(PROBLEM DESCRIPTION): Pictures in the listing do not belong in the copy, which should repeat exactly the lines from the one holding "Carrefour Wortelen Schaal 1kg" through the last line.

(PROVIDED DATA):
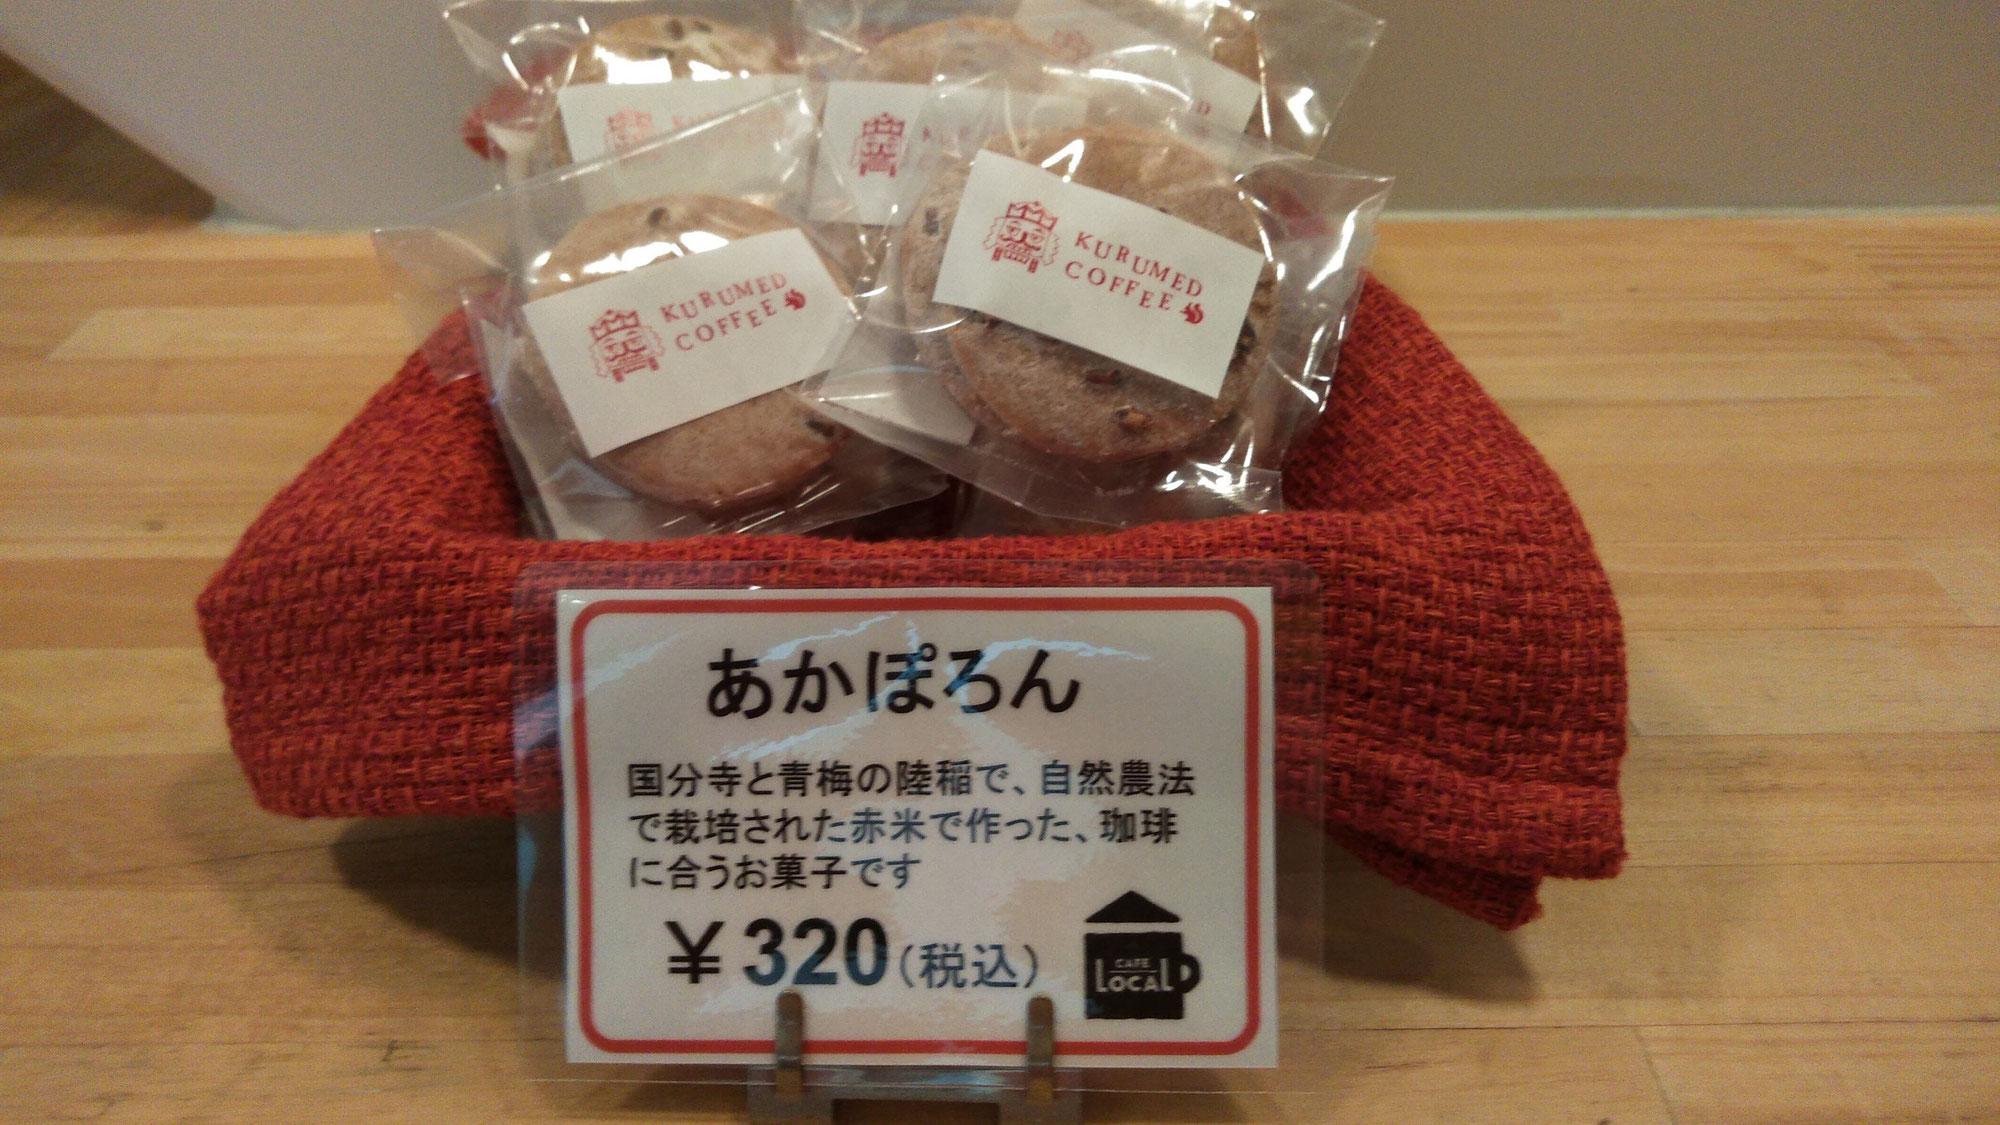 国分寺ならではのお菓子「あかぽろん」
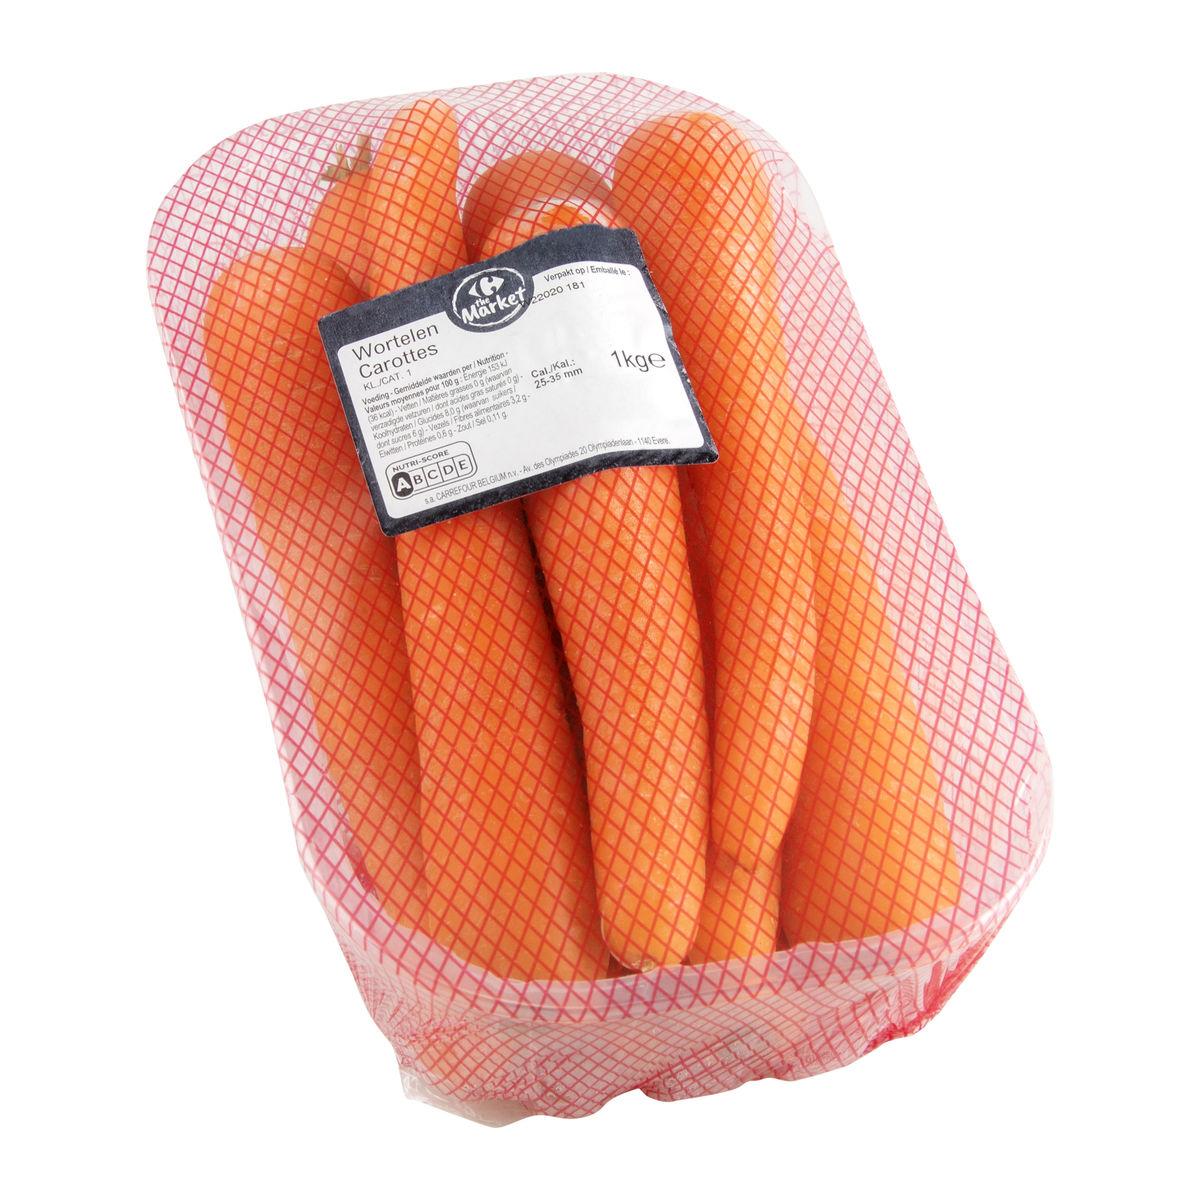 Carrefour Wortelen Schaal 1kg
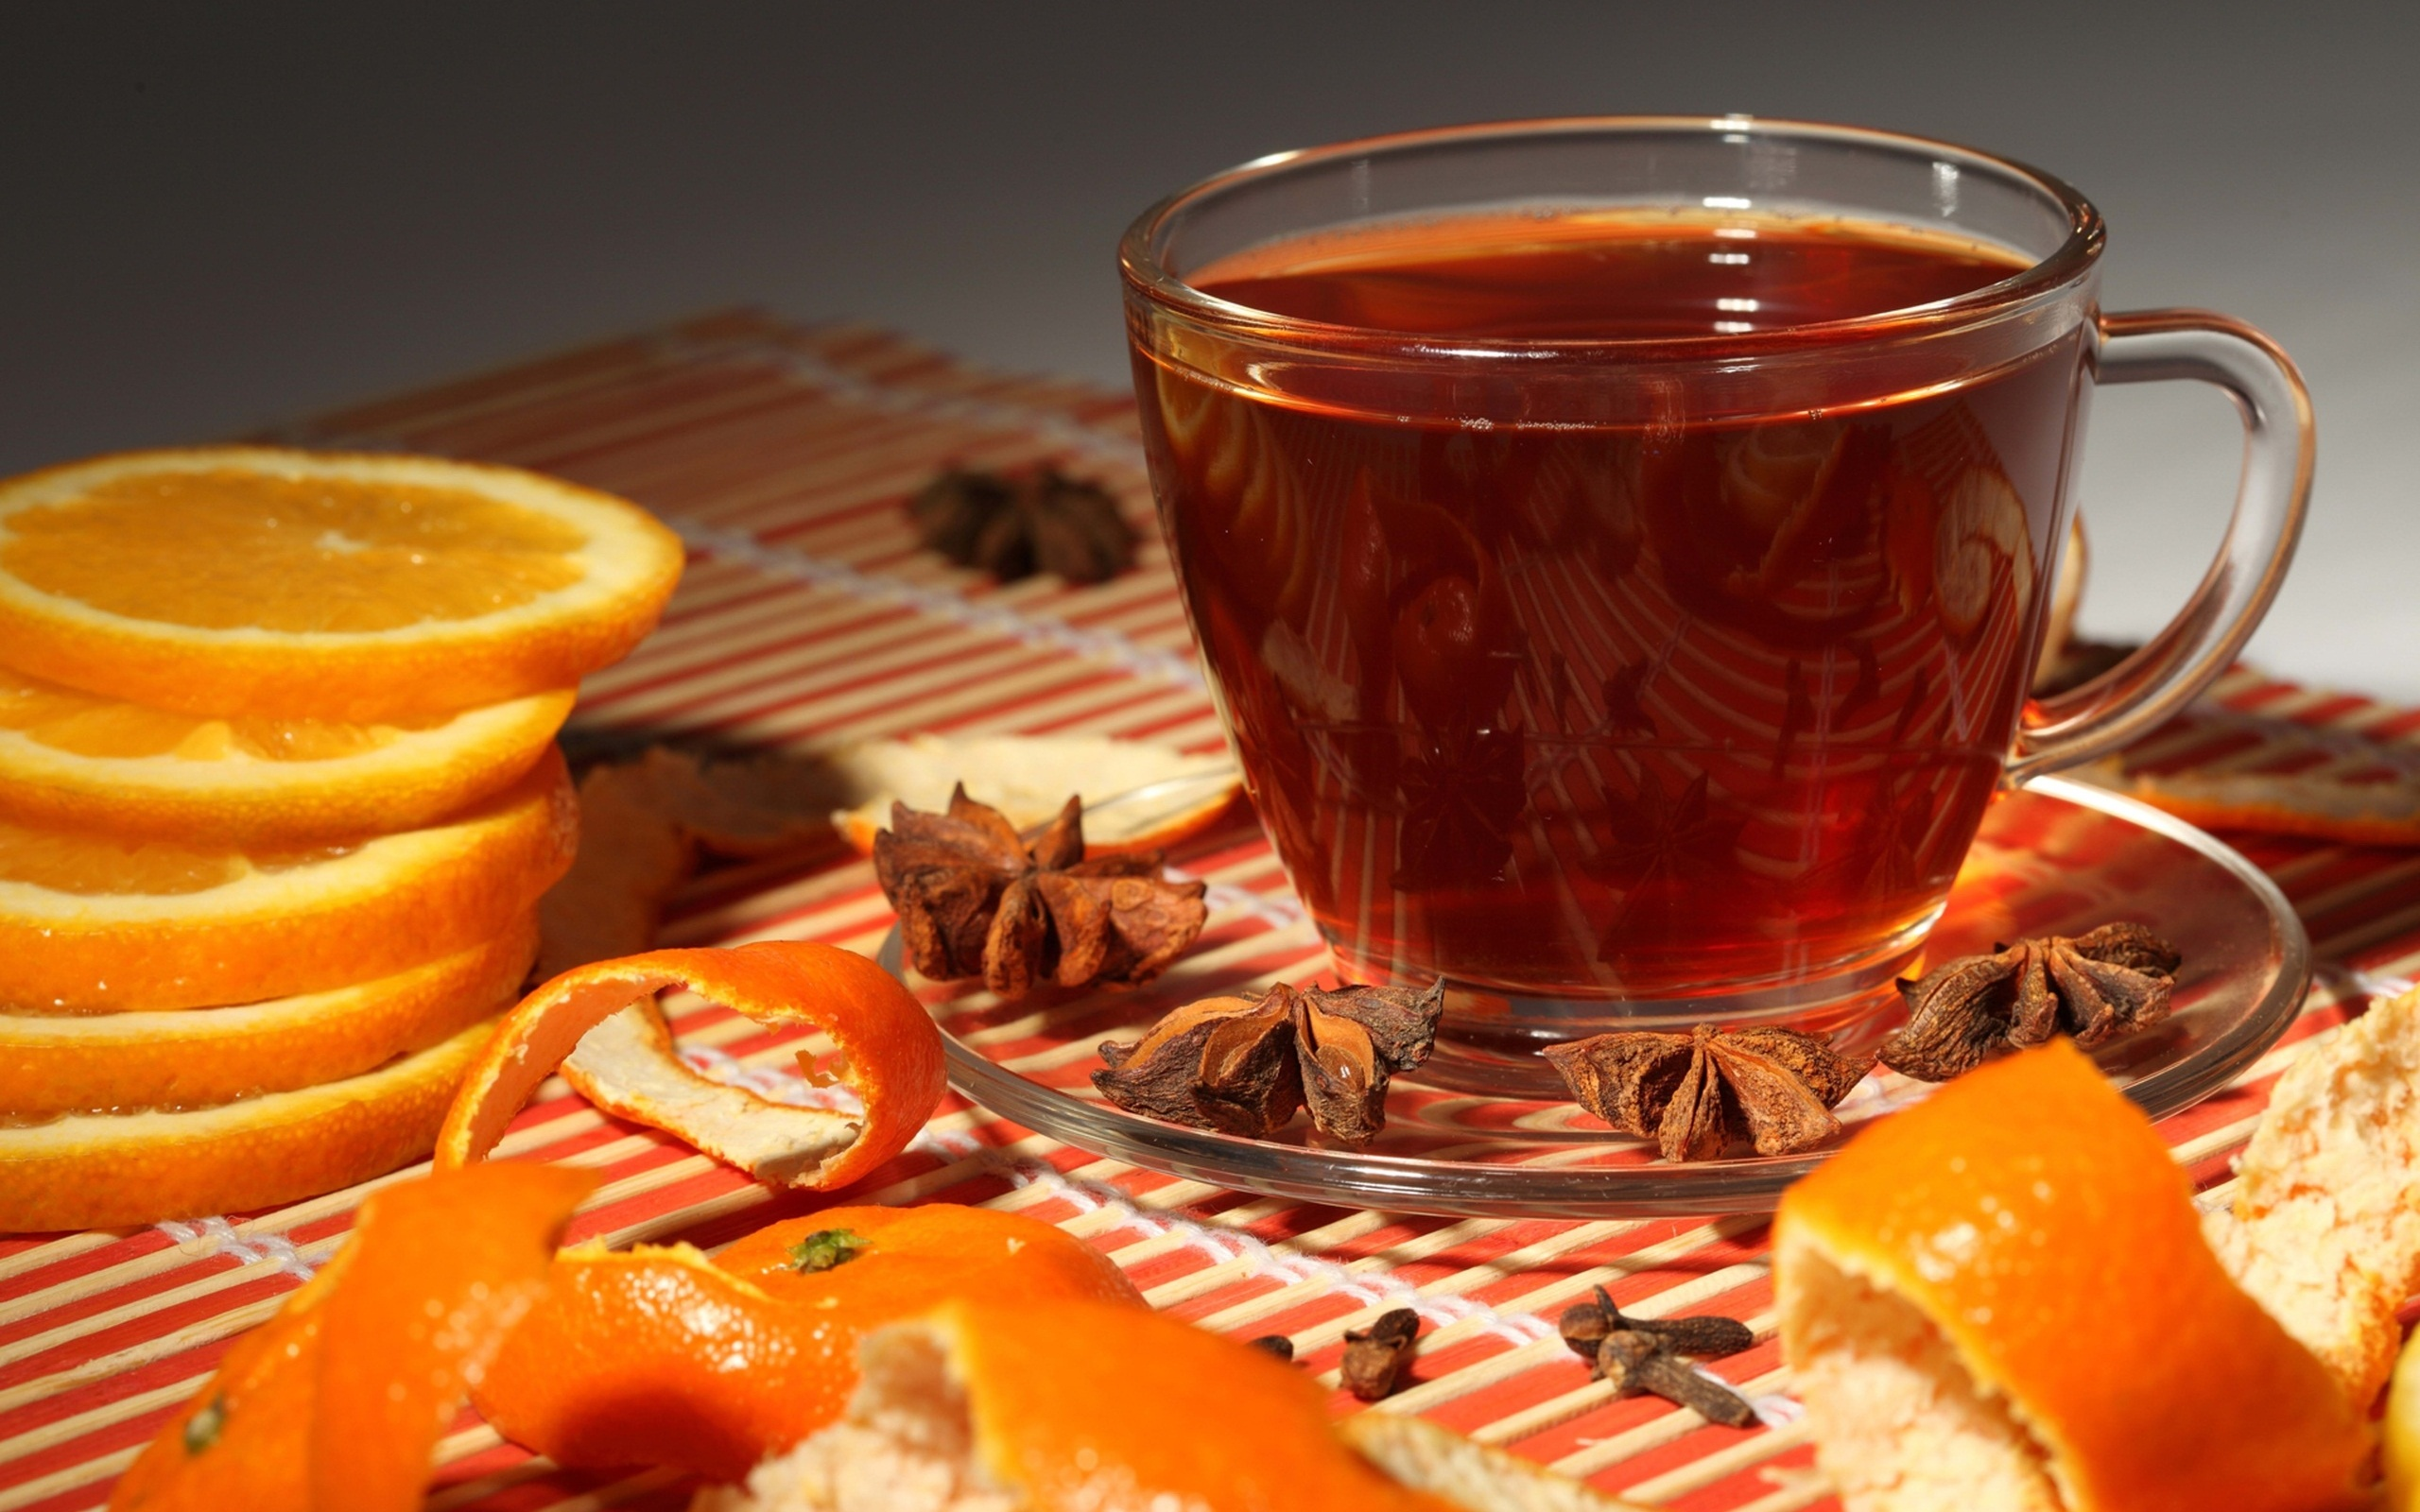 Топ 3 рецепта чая с имбирем, лимоном, мёдом и малиной для профилактики простуды

(RESPONSE TO THE EXERCISE):
 Carrefour Wortelen Schaal 1kg
 Топ 3 рецепта чая с имбирем, лимоном, мёдом и малиной для профилактики простуды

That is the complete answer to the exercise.